### [What to do]
Whatever lies between the line with "Rubber, Latex Shorts" and the end of the data, both included, must be copied exactly and without pictures.

### [Information provided]
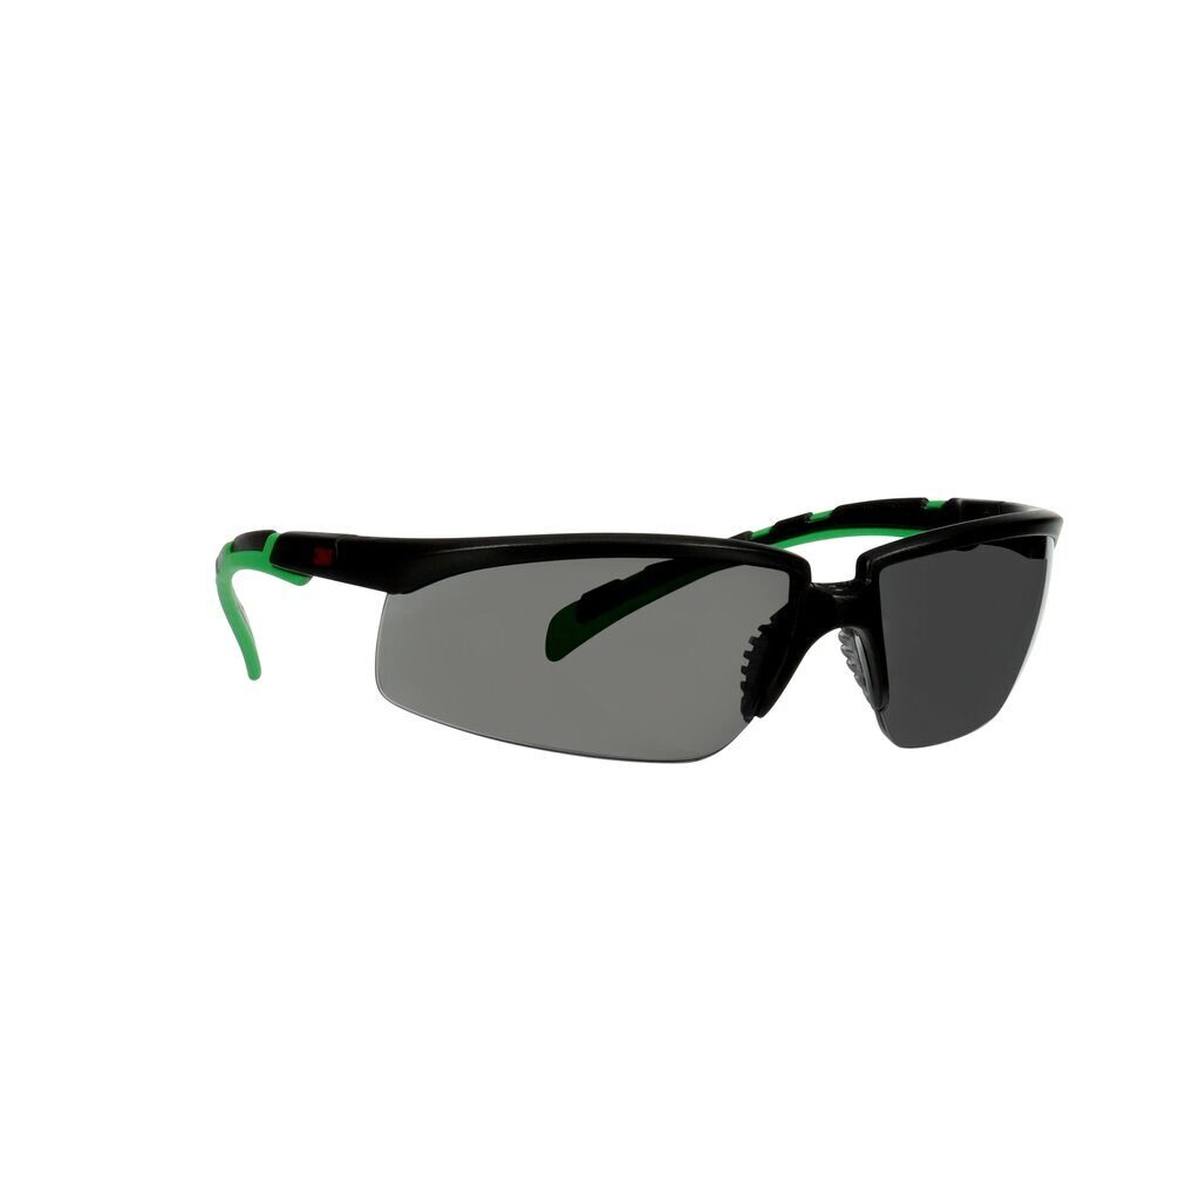 3M Solus 2000 lunettes de protection, monture noire/verte, traitement anti-rayures + (K), écran gris IR 3,0, S2030ASP-BLK
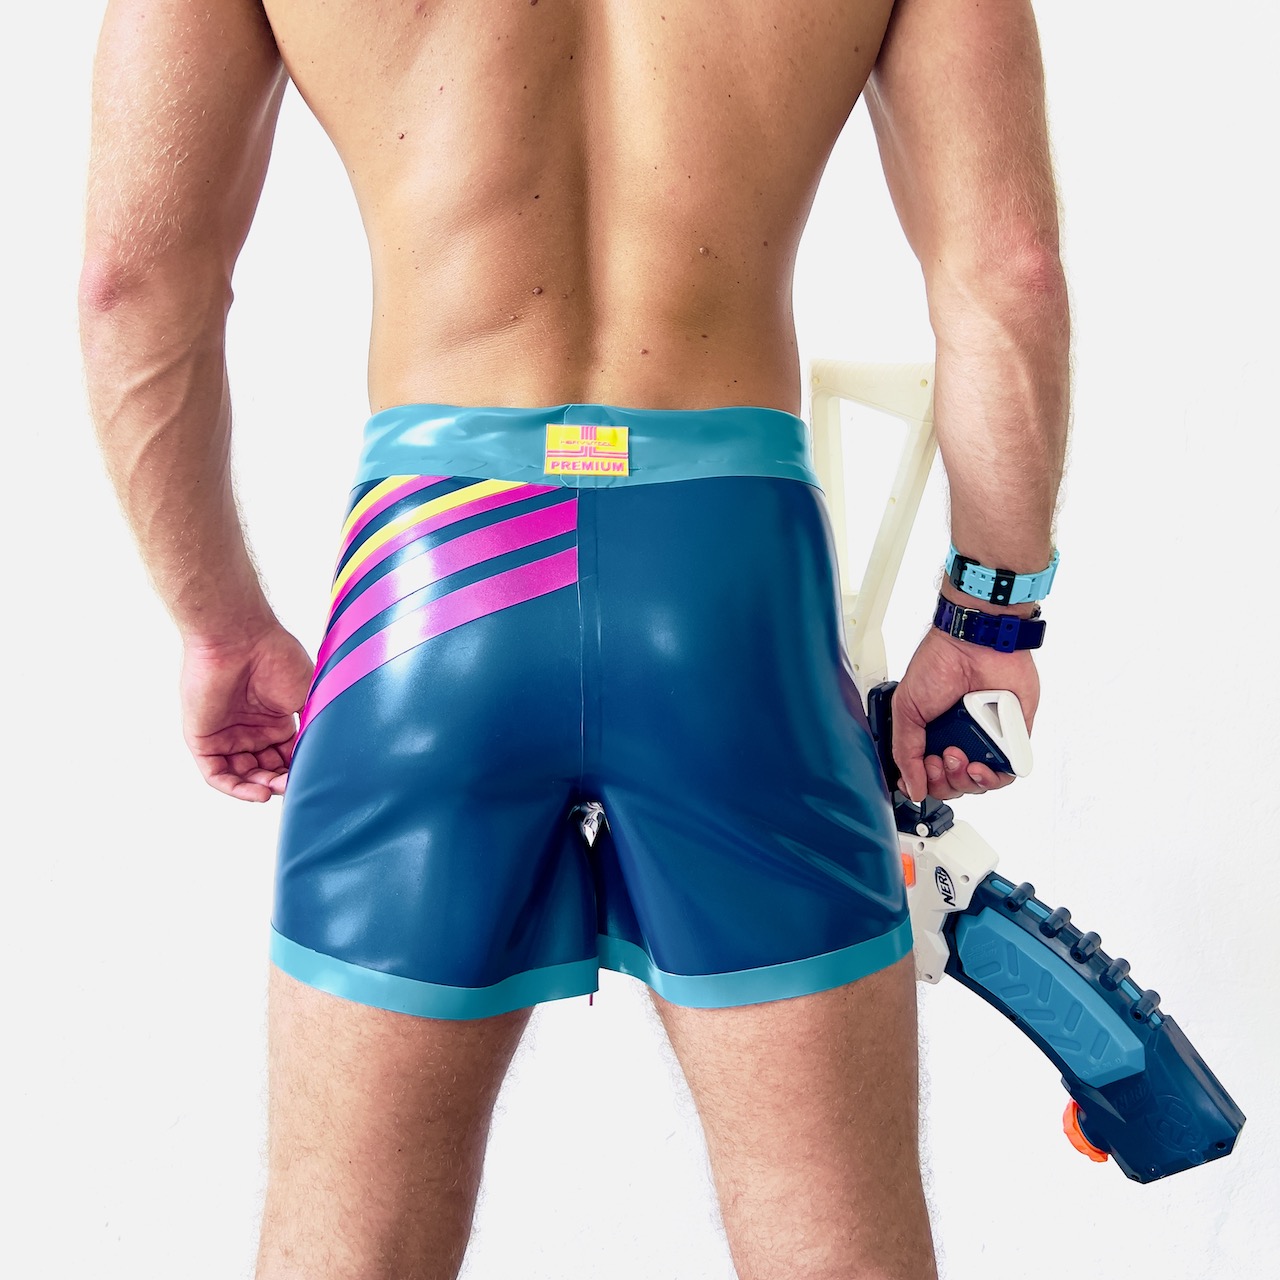 Rubber, Latex Shorts / Badehose, in metallic Blau, Türkis und Pink. Summer clubbing Fashion
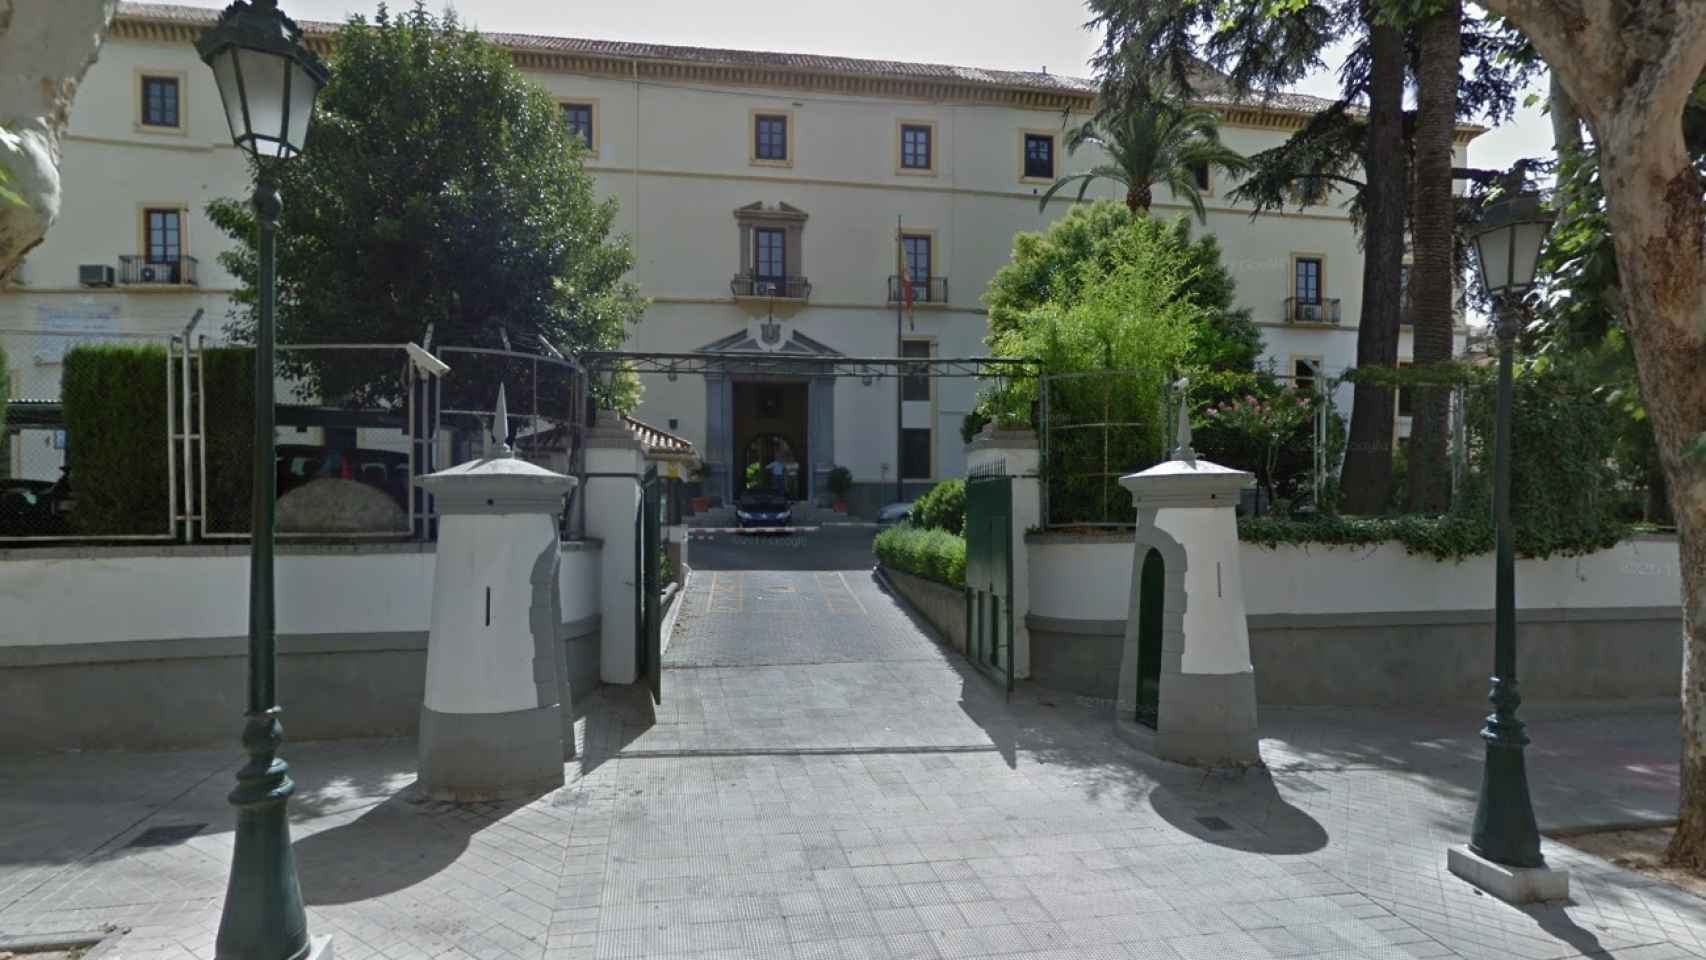 Hallan muerto a un militar en el puesto de vigilancia del Madoc en Granada

### [Solution to this problem]
 Rubber, Latex Shorts / Badehose, in metallic Blau, Türkis und Pink. Summer clubbing Fashion
 Hallan muerto a un militar en el puesto de vigilancia del Madoc en Granada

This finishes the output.